Marks et al. address algorithmic specified complexity (ASC) in the chapter titled “Meaning of Meaning.” Applying the methods of their paper “Measuring Meaningful Information in Images: Algorithmic Specified Complexity” (2015) to Sunset in the Garden of Id, I have obtained a result of 22 million bits. When the full-resolution image is scaled to the size of the image displayed above, the ASC drops to 5 million bits. I think it’s safe to say already that whatever is being measured is not the meaning of what appears in the image.

For Marks et al., “Meaning Is in the Eye of the Beholder.” That’s the title of a section of their forthcoming book. In their paper “Measuring Meaningful Information in Images,” the beholder has a library of digital images, and uses it to compress a given digital image as much as possible (without losing the ability to recover the image perfectly). If the beholder compresses the image, using the library, much more than a standard compressor does, without using the library, then Marks et al. regard the image as high in meaningful information for the beholder. In my measurement of the algorithmic specified complexity of Sunset in the Garden of Id, the beholder has a library of images relevant to the intelligent-design movement. There is a short computer program that converts the library into Sunset. The program is, for the beholder, Sunset in compressed form. That is, the beholder can run the program, supplying it with the library as input, and obtain a perfect copy of the the image. The standard image compressor reduces Sunset to 22.1 million bits. The difference of 22.1 million bits and the length of the (binary) computer program is the approximate ASC of the image.

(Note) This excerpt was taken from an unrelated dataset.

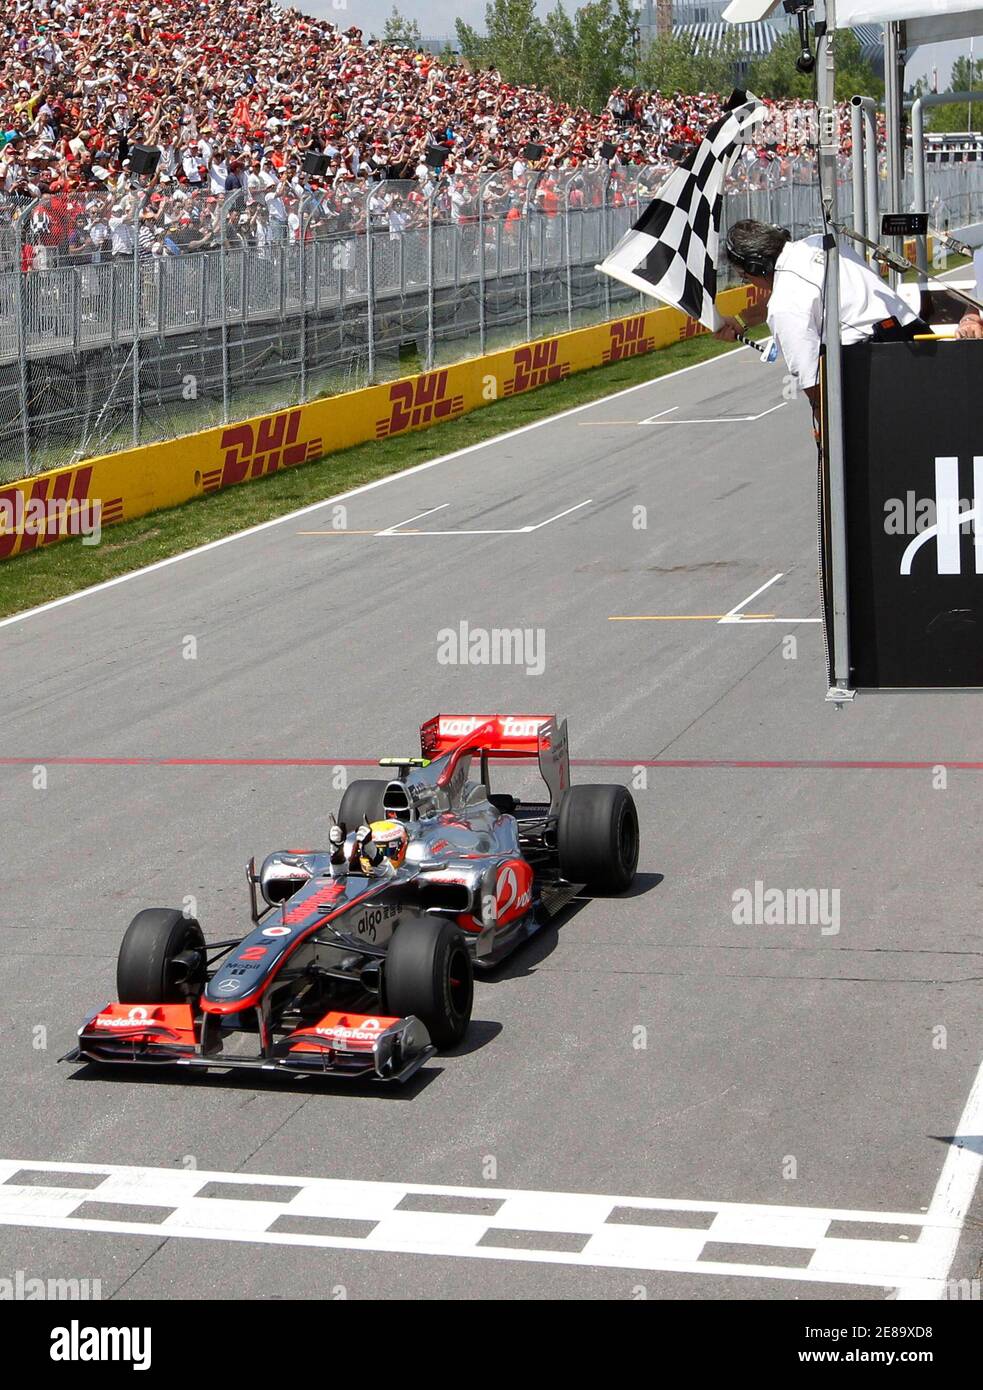 McLaren Formel1-Fahrer Lewis Hamilton von Großbritannien überquert die Ziellinie um den F1 Grand Prix von Kanada in Montreal 13. Juni 2010 zu gewinnen. REUTERS/Chris Wattie (Kanada - Tags: SPORT Motorsport) Stockfoto

There is, of course, a punchline that I’m saving for later. And there is, of course, a story about the double-plus-goodness of algorithmic specified complexity that I have not told. In reality, the authors have only one theorem for ASC (stated coherently and proved by me), and it says much less than they say. What they do, lacking a formal characterization of the measure, is to provide example applications that work out the way they like. But they ought to expect, lacking a formal characterization of the measure, that there are example applications that do not work out the way they like. And they ought to look as hard for negative examples as they do for positive examples. This ought is not the ought of a lawyer seeking to win a case in an adversarial system of justice. It is the ought of a researcher seeking to report the truth. Call me idealistic, but I cherish the notion that researchers attempt to produce evidence against their own claims, not just in support of them.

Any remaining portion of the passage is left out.